Among these ordinary elements, older buildings appear and hint at how long this place has been inhabited. At the centre stands the church of Santa María, with medieval origins. It has changed over time but still defines the heart of the town. Across the municipality, several defensive towers remain, those house-towers that once combined living space with protection.
The Arratia Valley sits between two major mountain areas in the Basque Country: Urkiola on one side and Gorbeia on the other. This location makes the shift from town streets to proper walking routes very quick. Within a short drive, the surroundings turn into trails and tracks. Longer hikes are possible, or shorter walks along paths that cross the valley.
Festivities throughout the year
Celebrations in Igorre are not limited to a single moment in the calendar. Different neighbourhoods mark their own events across the year, often linked to religious dedications. Traditionally, the festival of San Antonio in June is one of the best known locally.
More follow in summer and into early autumn, each with its own atmosphere.

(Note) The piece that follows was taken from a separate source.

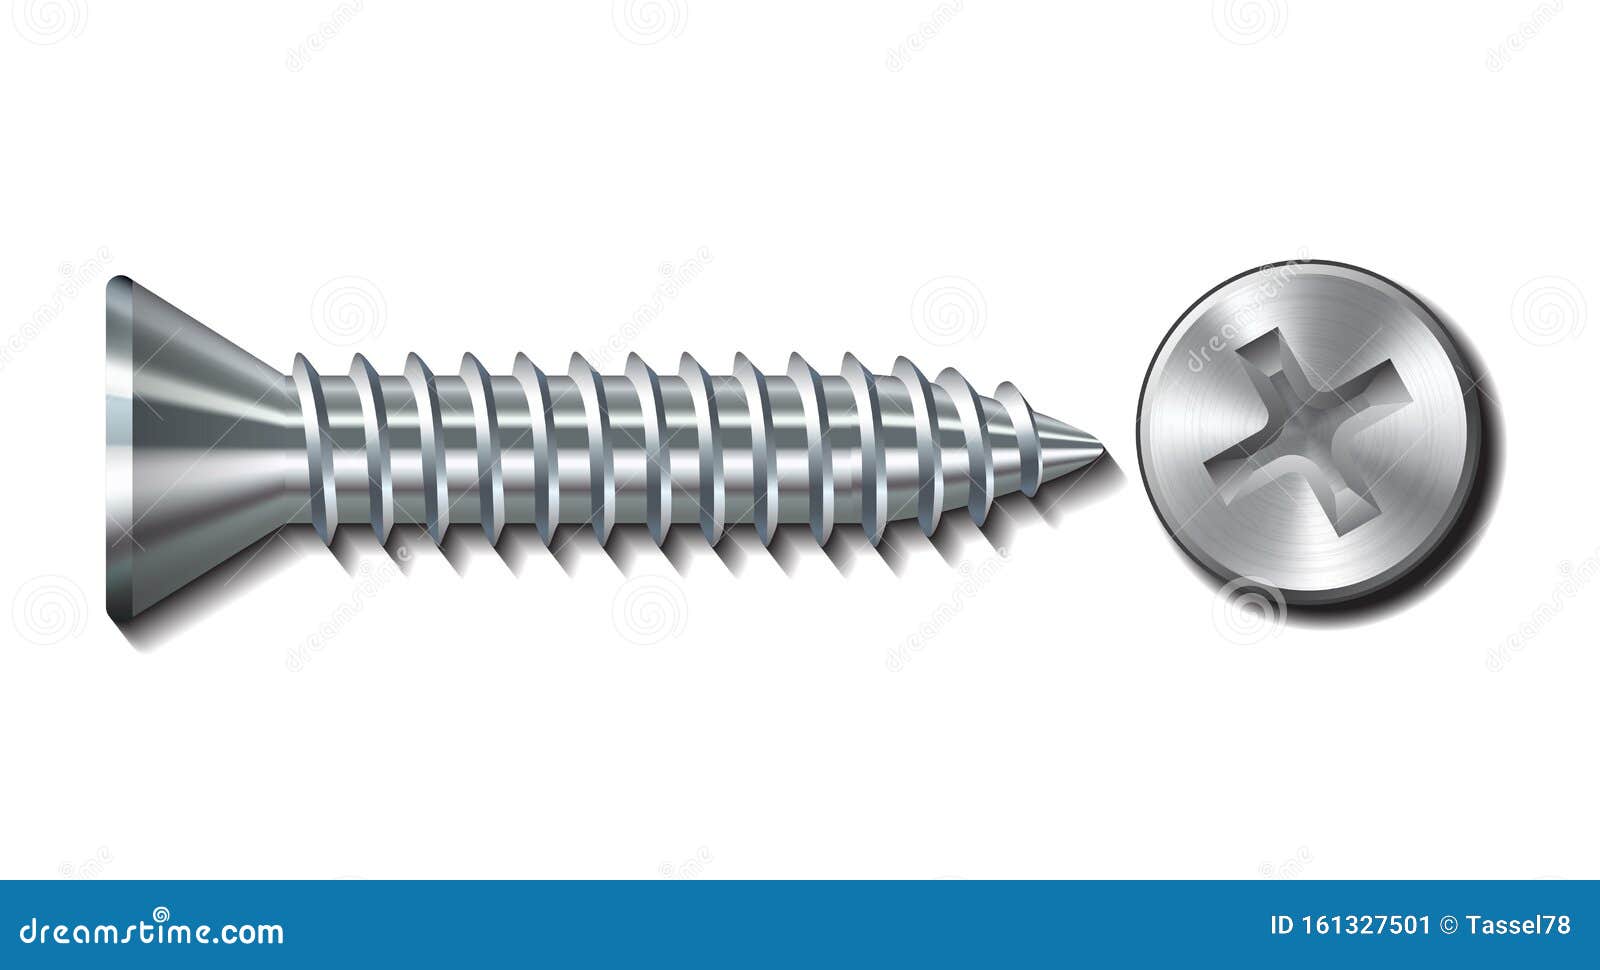 bolt screw metal pin with head slot and side view

In a town of this size, that translates into groups gathering outdoors, music, food, and a noticeable increase in activity for a few days.
Anyone arriving during a festive period will pick up on it quickly. There is no need to search for a programme to know something is going on.
Cycling routes and grilled food
Several well-known athletes have come from Igorre. The cyclist Iban Mayo grew up riding these valley roads before turning professional. Footballer Beñat Etxebarria is also from here.
Looking at the terrain, it makes sense. Roads constantly rise and fall, mountain passes are close by, and hills frame the landscape.
As for food, there is no single dish that carries the town’s name. Even so, being in Bizkaia gives a clear idea of what to expect. In the bars around the centre, especially near Elexalde, it is common to find grills, meat, and straightforward home-style cooking. Menus are not long and explanations are minimal. You order, you eat, and that is that.
A simple way to approach it
A practical way to experience Igorre is to treat it as a base for a few hours. Arrive by car, park near the centre, walk around, and stop for something to eat or drink. From there, it is easy to decide what direction to take next.
You might head towards Urkiola, make your way up towards the Gorbeia area, or continue along the smaller roads that run through the Arratia Valley itself. Those roads alone are worth the journey.
Igorre is not the most famous town in Bizkaia, and it does not try to be. What it offers is something quieter: a place where daily life continues at its own pace, with some of the region’s best-known mountain landscapes close at hand. Many people pass through without stopping. Staying a while changes the picture.